In this study, we introduce 2D ST-FAM (SpatioTemporal Fire spread forecasting AI Model), a data-driven model that predicts the tunnel-wide two-dimensional field distribution from sparse sensor measurements (see Figure 3). The model takes as input a sequence of sensor readings over a past time window of length t seconds and predicts the full 2D field at a future target time $t_{\mathrm{target}}=t_{\mathrm{end}}+\Delta t$. Architecturally, 2D ST-FAM follows an encoder–bottleneck–decoder design composed of a Long Short-Term Memory (LSTM [22]) encoder, a fully connected bottleneck block, and a spatial decoder. The LSTM encoder ingests the time-resolved sparse sensor data and captures the underlying temporal dependencies of the fire dynamics in a latent feature representation. This encoded representation is then transformed by the bottleneck block into a compact latent vector that is well suited for spatial reconstruction. Finally, the decoder maps this latent vector to the full tunnel cross-sectional field on the $30\times 2992$ grid, generating the predicted each scalar field (temperature, soot, CO) distributions at the future time offset $\Delta t$. The detailed layer-wise architecture of 2D ST-FAM is provided in Appendix B.

Figure 2. Vertical center plane (longitudinal section) and horizontal breathing plane (1.8 m above the walkway bottom) extracted from the 3D CFD simulation. The center plane shows an example temperature contour and the breathing plane shows an example CO contour, both resampled and downsampled to a resolution of $30\times 2992$ and used as 2D target fields for model training.

Figure 2. Vertical center plane (longitudinal section) and horizontal breathing plane (1.8 m above the walkway bottom) extracted from the 3D CFD simulation. The center plane shows an example temperature contour and the breathing plane shows an example CO contour, both resampled and downsampled to a resolution of $30\times 2992$ and used as 2D target fields for model training.

Figure 3. Architecture of the proposed 2D ST-FAM. A sequence of sparse measurements from 75 sensors over a past time window of length t is encoded by stacked LSTM layers and a fully connected bottleneck. The decoder, composed of transposed convolution and convolution blocks, upsamples the latent representation to a $2992\times 30$ 2D field and produces the prediction of the fire-spread state $\Delta t$ seconds ahead on the chosen tunnel cross-section.

Figure 3. Architecture of the proposed 2D ST-FAM. A sequence of sparse measurements from 75 sensors over a past time window of length t is encoded by stacked LSTM layers and a fully connected bottleneck. The decoder, composed of transposed convolution and convolution blocks, upsamples the latent representation to a $2992\times 30$ 2D field and produces the prediction of the fire-spread state $\Delta t$ seconds ahead on the chosen tunnel cross-section.

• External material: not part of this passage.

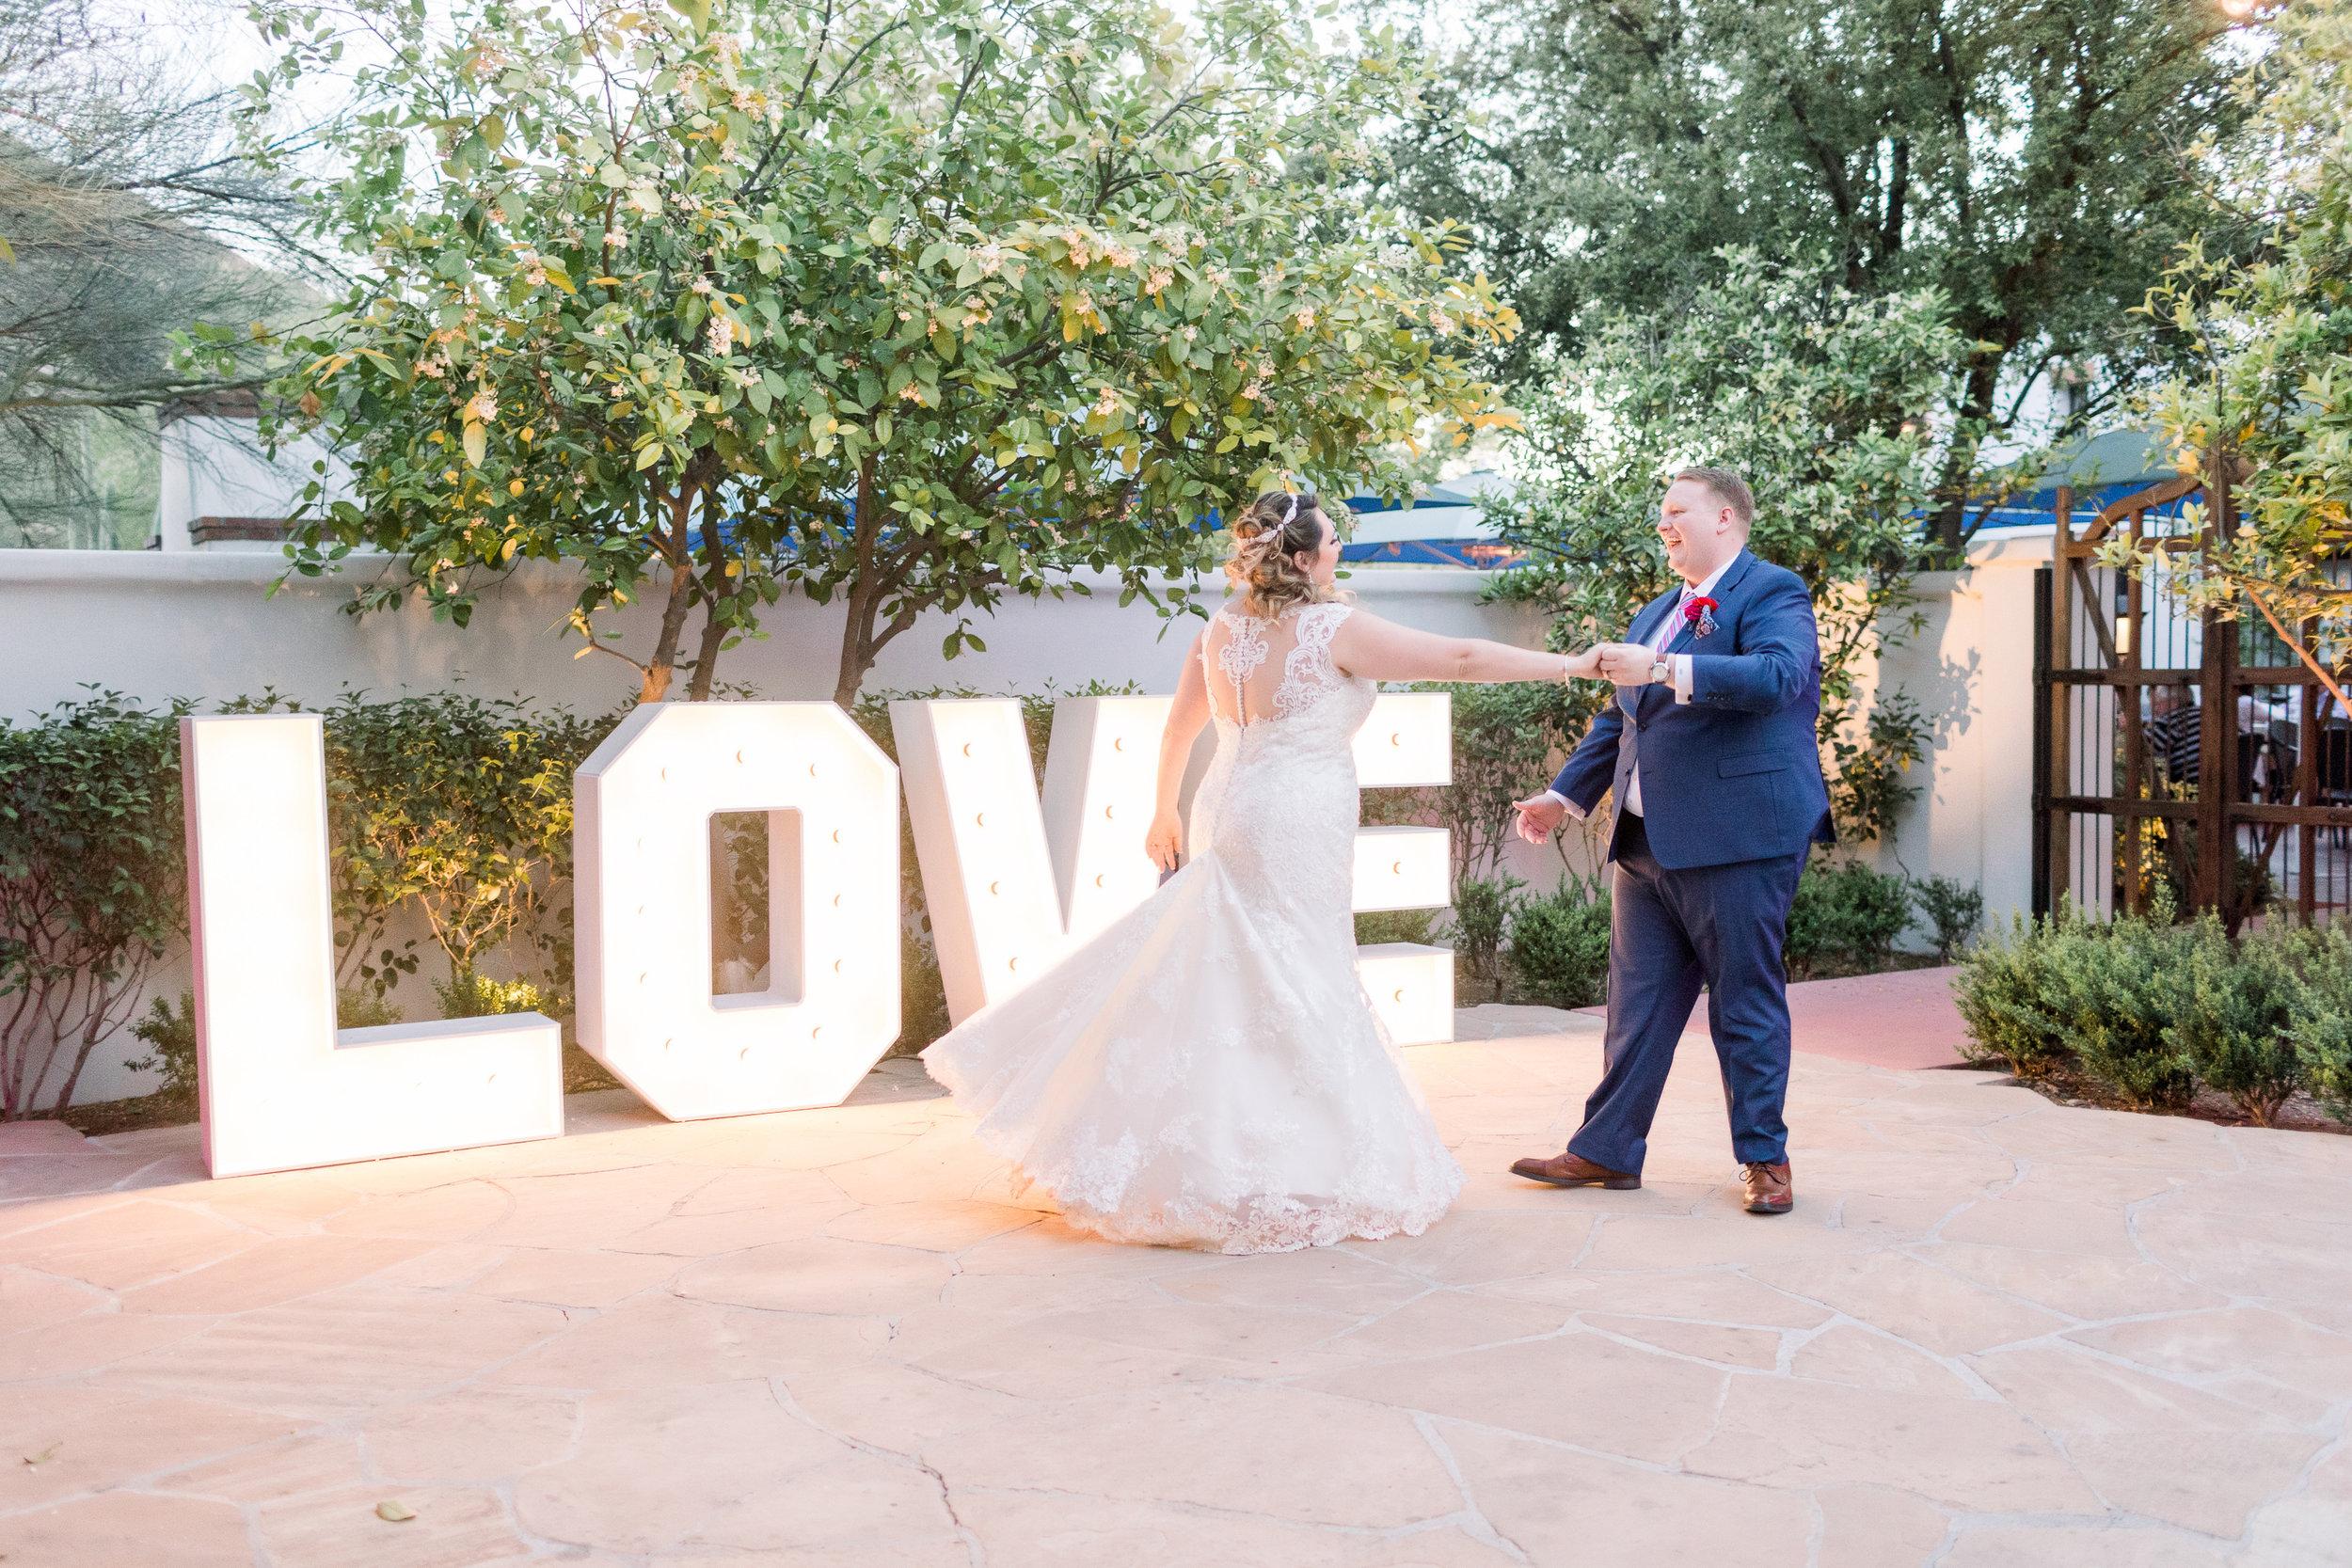 Roxanne and Brandon's El Chorro Wedding - Arizona florist Phoenix scottsdale Mesa chandler Sedona Prescott - First Dance with Marquee Love sign

A previous study [16] considered a significantly smaller tunnel configuration: a 160 m long tunnel instrumented with 32 sensors placed at 5 m intervals along the longitudinal axis. The forecasting model employed a relatively compact architecture with two stacked LSTM layers, followed by two fully connected layers, and a transposed-convolutional (TConv [23]) decoder comprising six TConv layers and a final convolutional layer to reconstruct the fire spread fields. This configuration was sufficient to capture the fire dynamics over the smaller domain and sparser spatial extent. Compared to previous work, the present tunnel setting poses a substantially larger spatial domain and a denser sensor configuration. Directly reusing the earlier model architecture in this enlarged setting led to poor convergence and inadequate reconstruction quality, indicating that the original capacity and representation pathway were no longer sufficient. In 2D ST-FAM, we therefore (i) roughly double the number of sensors used as input, (ii) increase the dimensionality of the LSTM hidden state relative to the earlier model to enhance temporal modeling capacity, and (iii) introduce a dedicated fully connected bottleneck block between the recurrent encoder and the spatial decoder. The enlarged LSTM hidden state and the bottleneck block were tuned empirically to strike a balance between expressiveness and stability during training.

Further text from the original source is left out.